Note the difficult interpretation of “primarily” for the holding of
property per § 1221(1).
E. The Sale or Exchange Requirement
A sale or exchange must take place to recognize a capital gain or loss.
o The payment of a judgment was also held to be a capital loss.
A trust payment can be considered a sale or exchange.
A judgment realizing a settlement on bad debt is not a sale or exchange.
F. The Holding Period
The holding period begins the day after acquisition and ends on the day of
disposal.
Property acquired from decedent is always considered a long term capital asset.
If the acquired capital asset retains the previous owner’s basis, or is lower than
FMV, the new owner’s holding period “tacks” to the previous owner. (i.e. gift,
bequest, devise)
G. Judicial Gloss on the Statute
1. “Income” Property
When a lessor receives cash compensation to terminate a lease term
early, that payment is immediately recognized as ordinary income.
The sale of a leasehold that has been maintained for at least one year is
considered a sale of a capital asset.
Assignment with consideration of an annuity resulting from lottery
winnings is considered ordinary income.
2. Correlation With Prior Transactions
In a number of occasions, transactions have been classified as capital or
ordinary because they were related to previous transactions.
Transactions of separate tax years may be integrated for purposes of
classifying one of them as capital or ordinary.

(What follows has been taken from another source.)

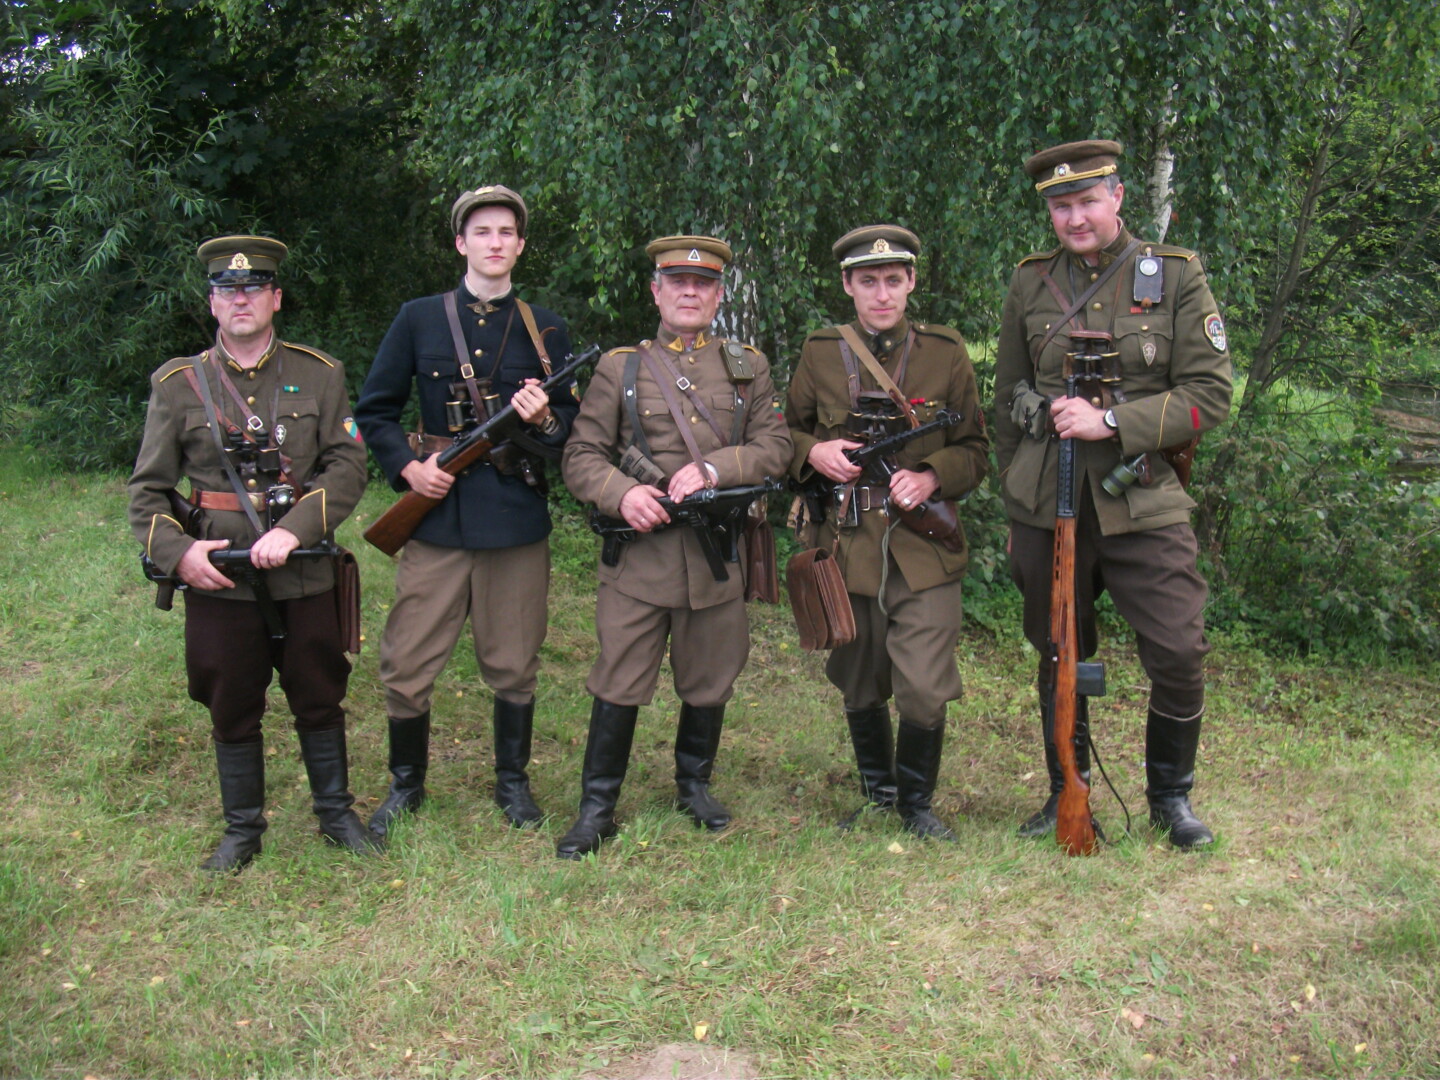 Ginkluoto pasipriešinimo sovietų okupacijai dalyviams vilkėti uniformą reiškė rizikuoti gyvybe, tačiau Lietuvos partizanai su pasididžiavimu dėvėjo šį savo kovos simbolį.

A deduction based on a court ordered refund was only allowed up to
the amount that it was included in profits. (i.e. only ~$300k was
included in profits of a ~$500k payment; only the ~$300k can be
deducted, not the entire ~$500k).
H. Statutorily Created Capital Gain and Loss Consequences
1. In General
Congress has statutory provisions that classify items as capital or not
capital assets: §§ 1234 – 1324A, §1241, §1253, §1271
2. Section 1231 Recharacterization
Non-business property becomes property used in a trade or business
when owners of a property, for lack of a buyer, are forced to rent it for a
fairly continuous period.
Real property and depreciable property used in a trade or business is a
non-capital asset, and includable in ordinary profits/losses.
The sale of a sole proprietorship does NOT result in a capital gain or
loss.
A partnership interest that is sold IS a capital asset.